── PROVIDED DATA

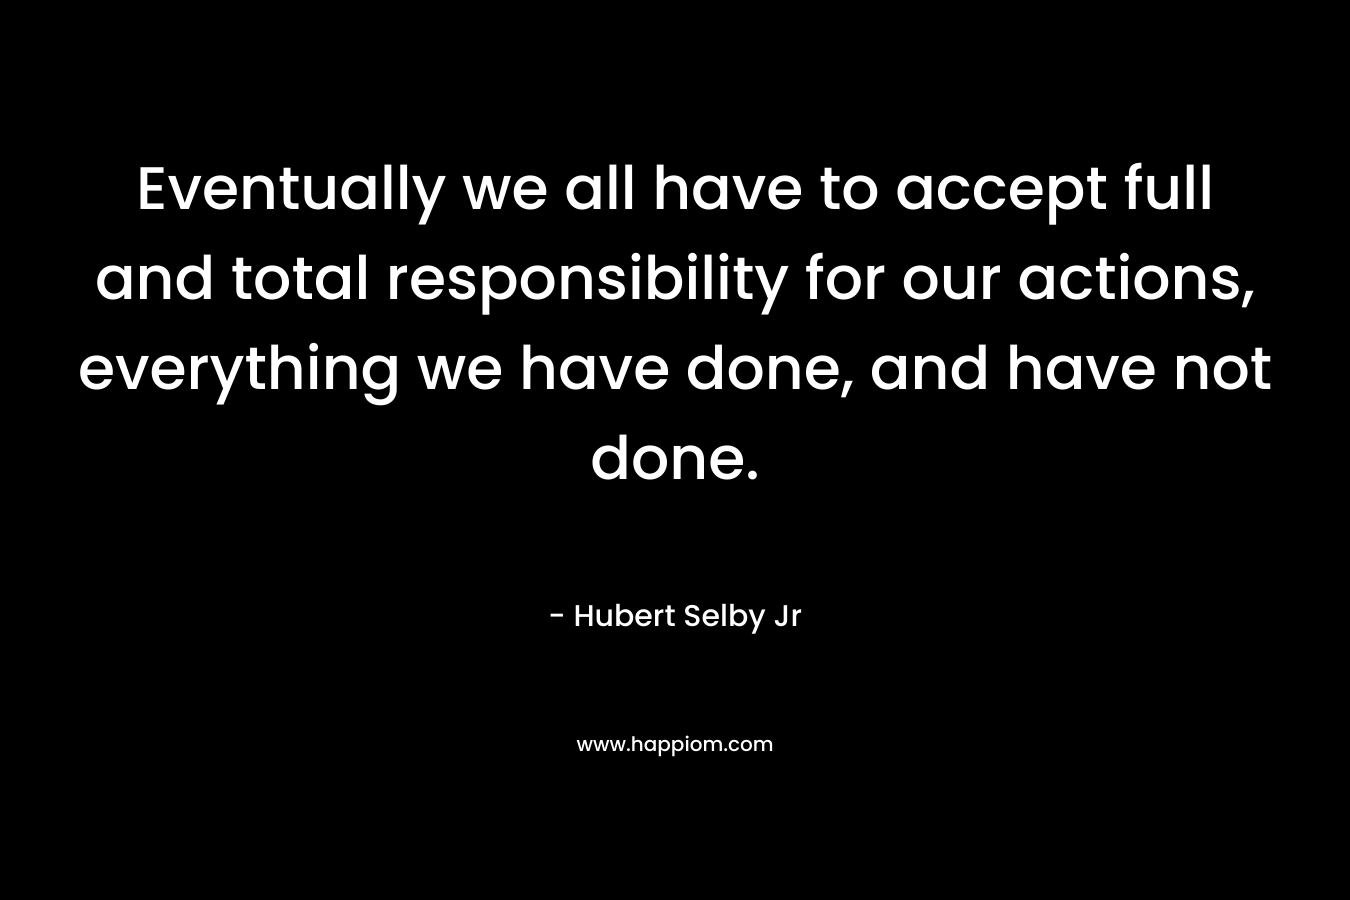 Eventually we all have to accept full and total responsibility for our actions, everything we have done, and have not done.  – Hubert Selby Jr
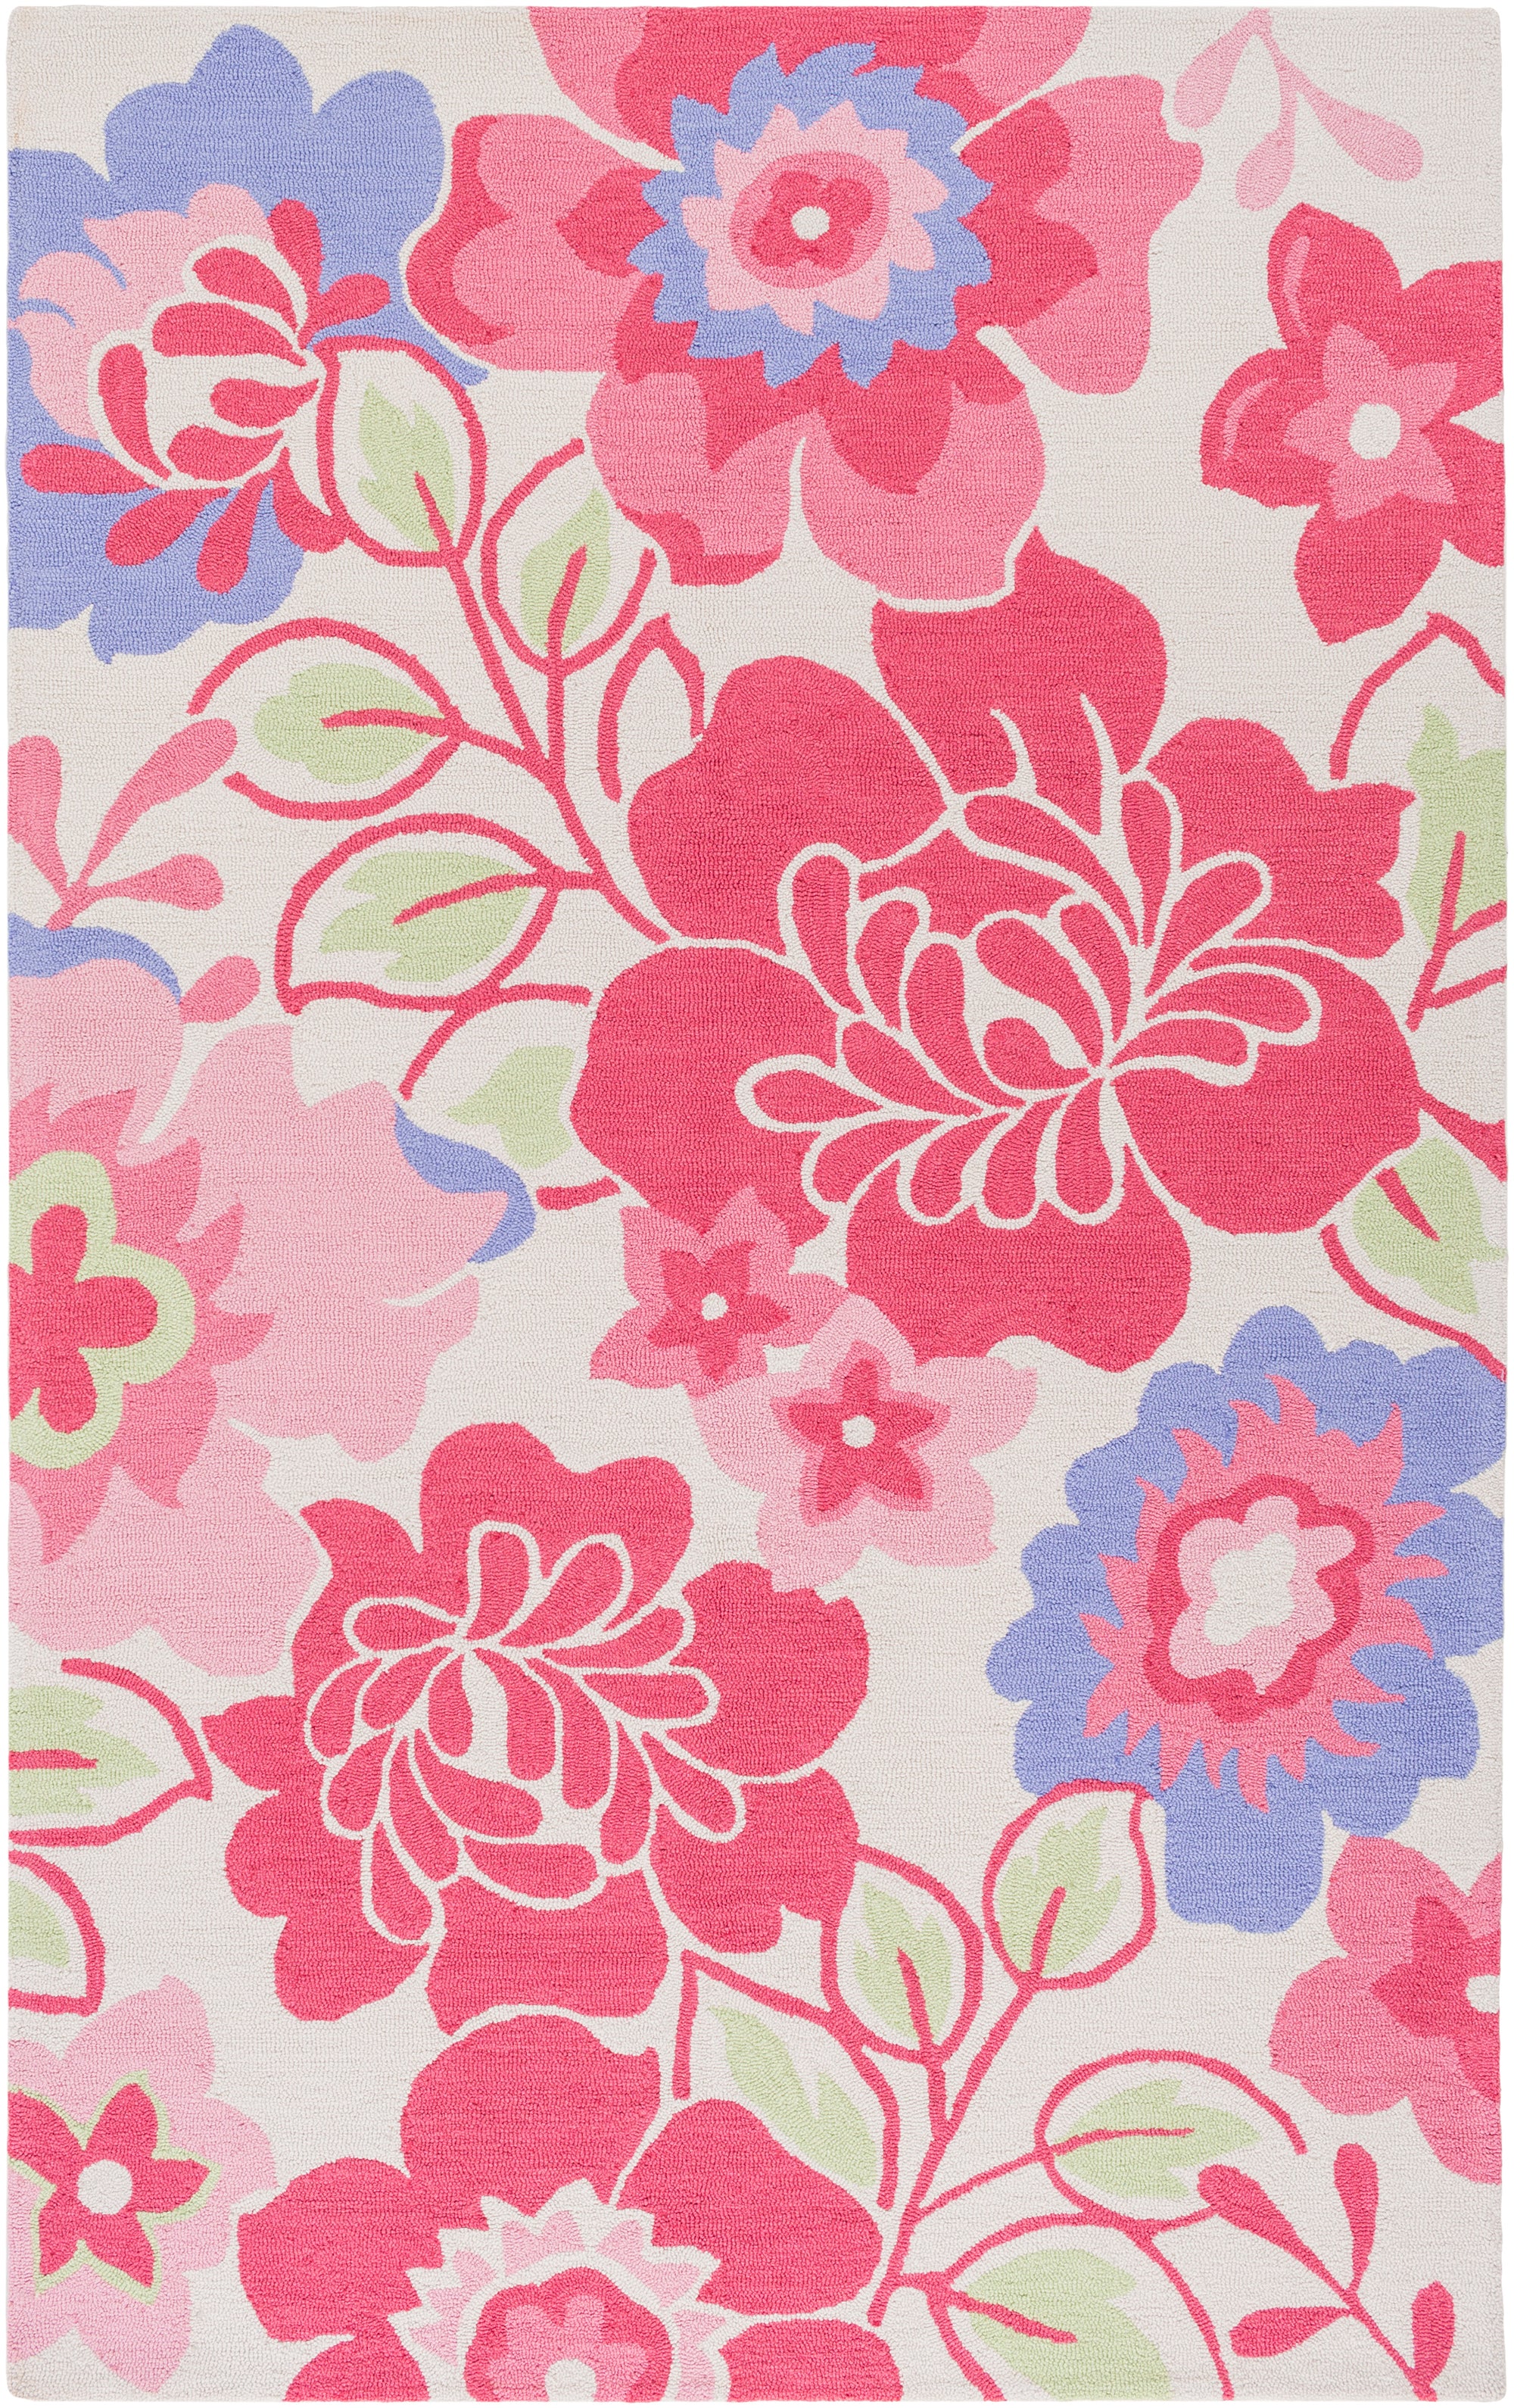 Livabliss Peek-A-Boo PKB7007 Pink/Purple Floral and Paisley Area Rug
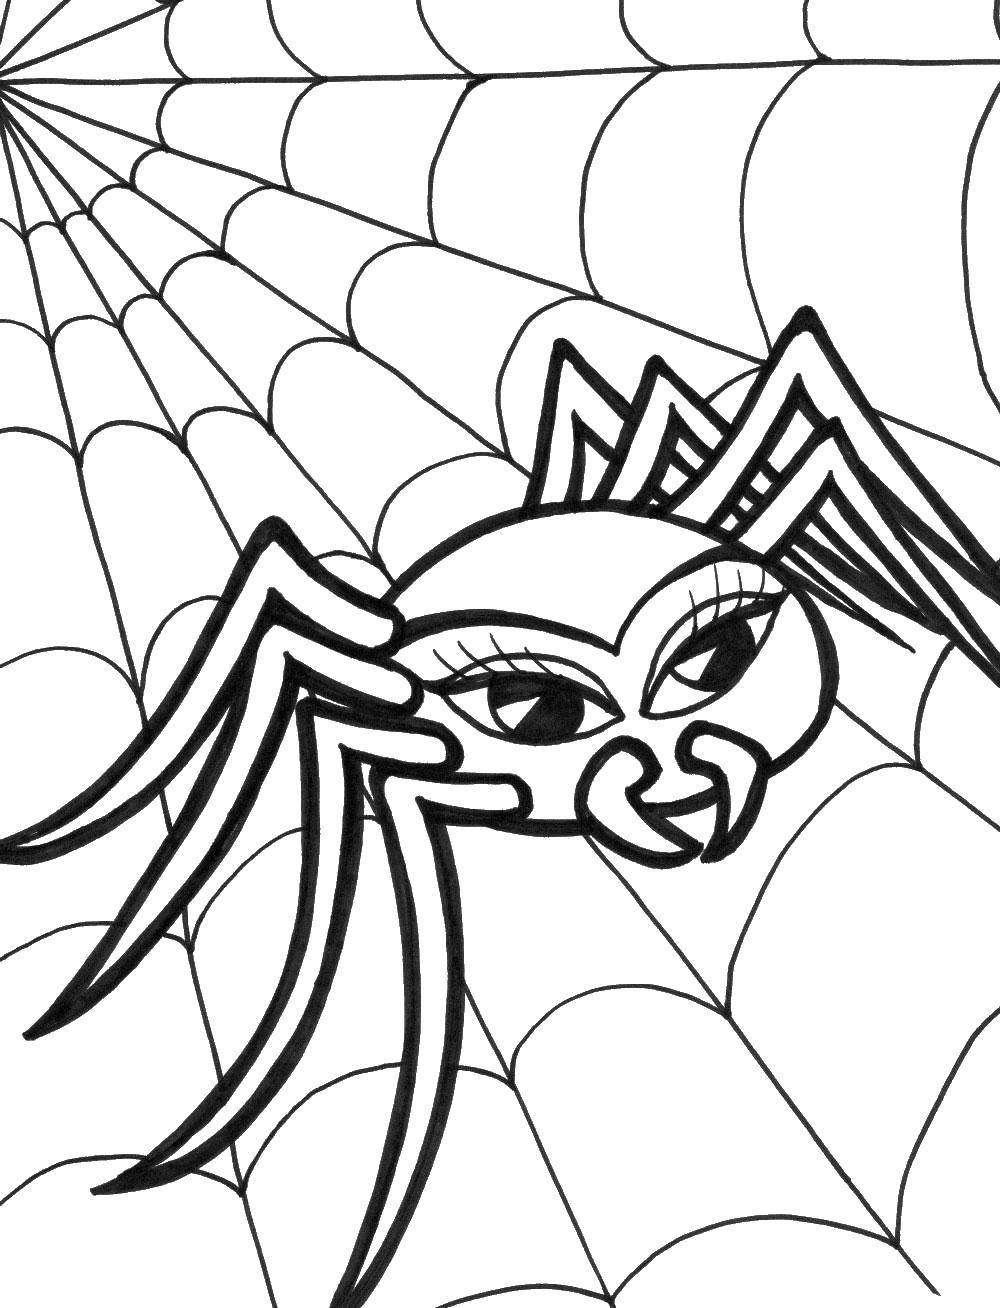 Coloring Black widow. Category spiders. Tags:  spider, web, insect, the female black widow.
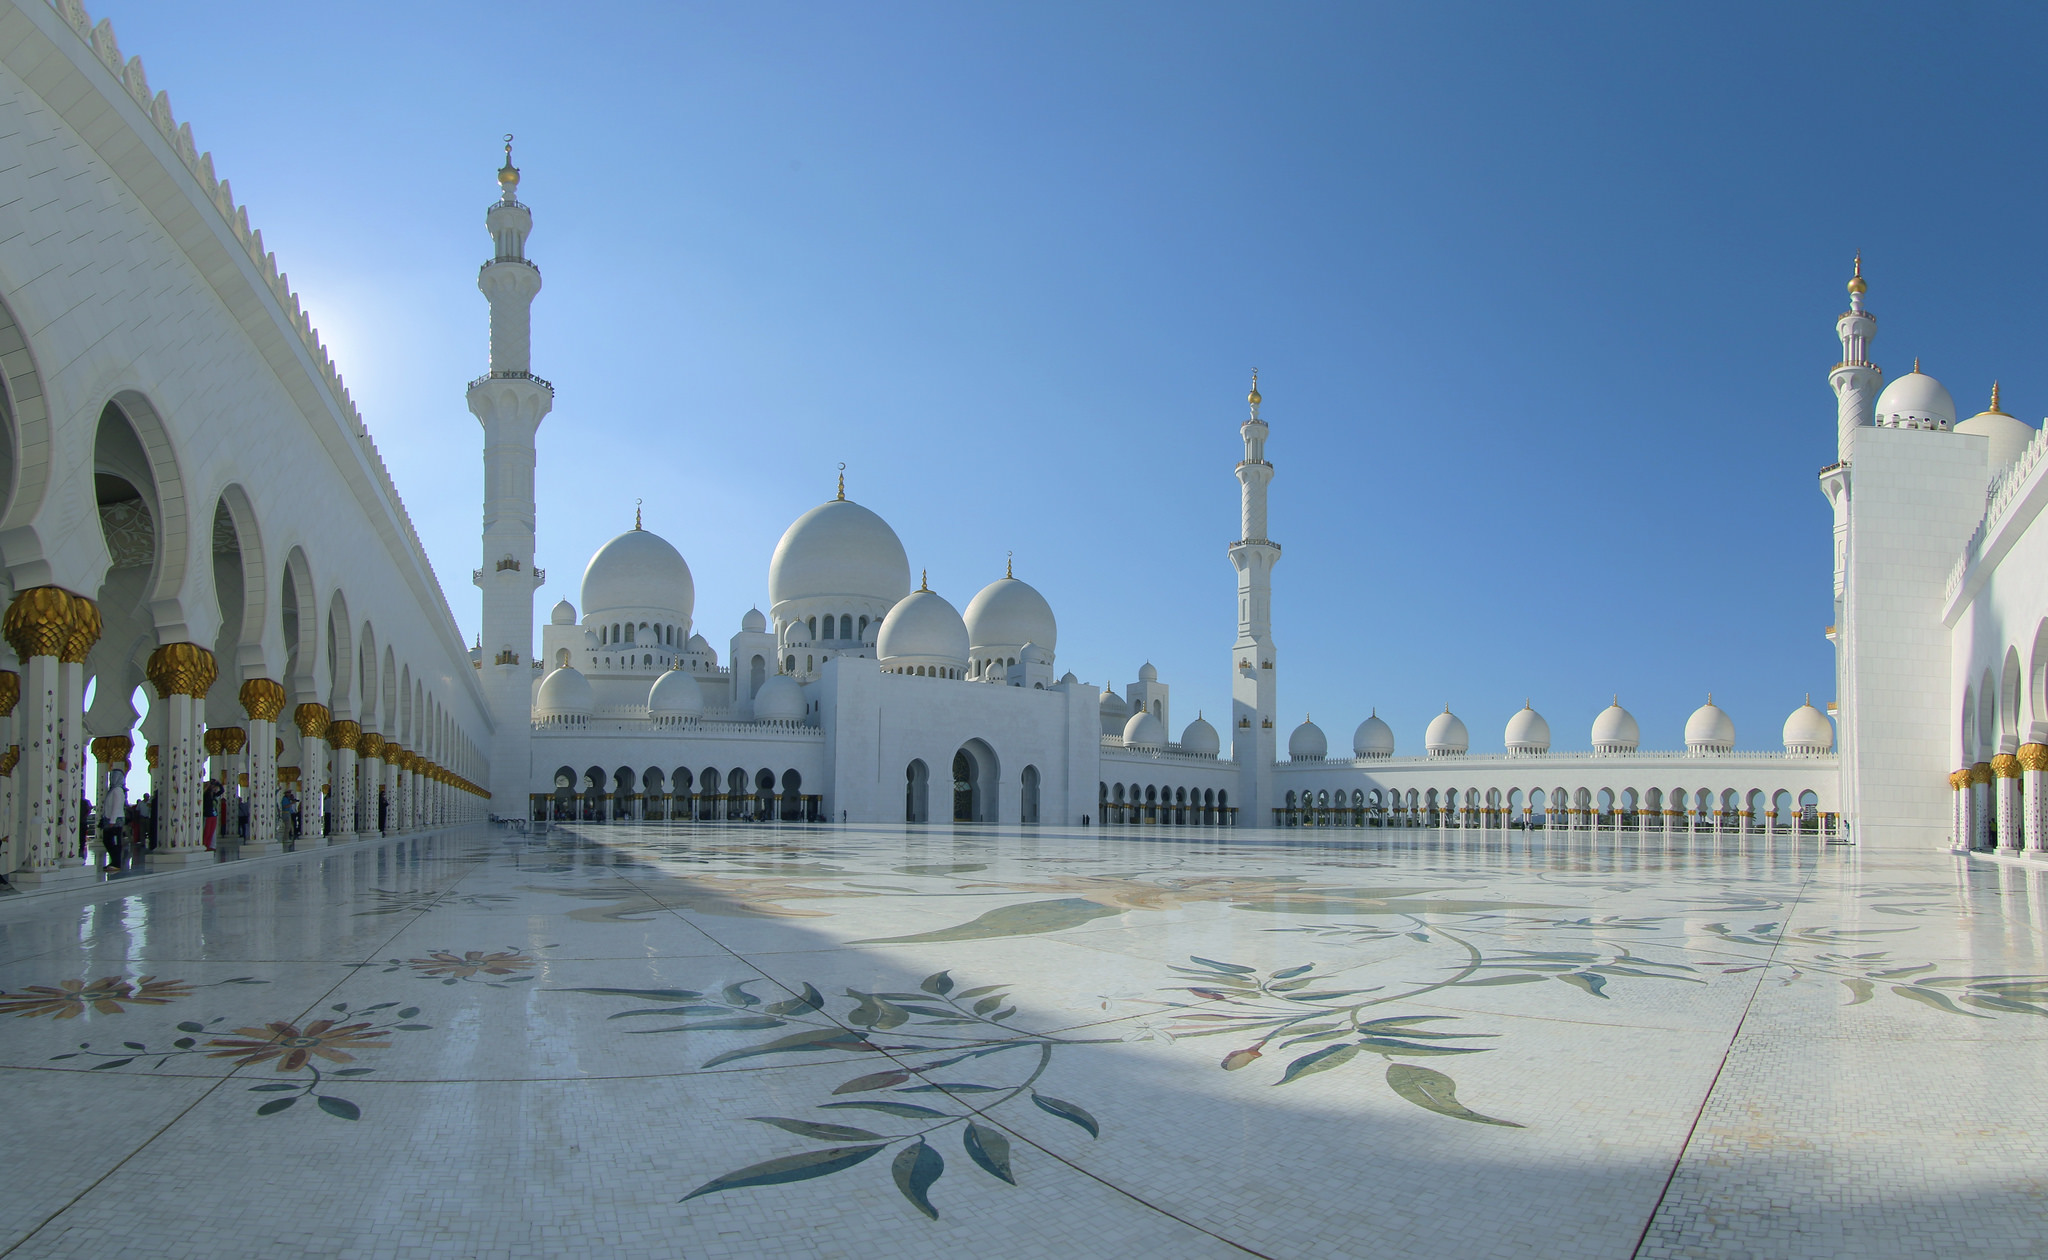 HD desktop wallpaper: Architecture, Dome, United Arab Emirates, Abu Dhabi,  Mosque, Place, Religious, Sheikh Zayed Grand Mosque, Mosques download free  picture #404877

────

### [ACTIVITY]
Copy the preceding data in full and word for word, dropping its pictures.

### [SOLVED PROBLEM]
 Eventually we all have to accept full and total responsibility for our actions, everything we have done, and have not done.  – Hubert Selby Jr
 Livabliss Peek-A-Boo PKB7007 Pink/Purple Floral and Paisley Area Rug
 Coloring Black widow. Category spiders. Tags:  spider, web, insect, the female black widow.
 HD desktop wallpaper: Architecture, Dome, United Arab Emirates, Abu Dhabi,  Mosque, Place, Religious, Sheikh Zayed Grand Mosque, Mosques download free  picture #404877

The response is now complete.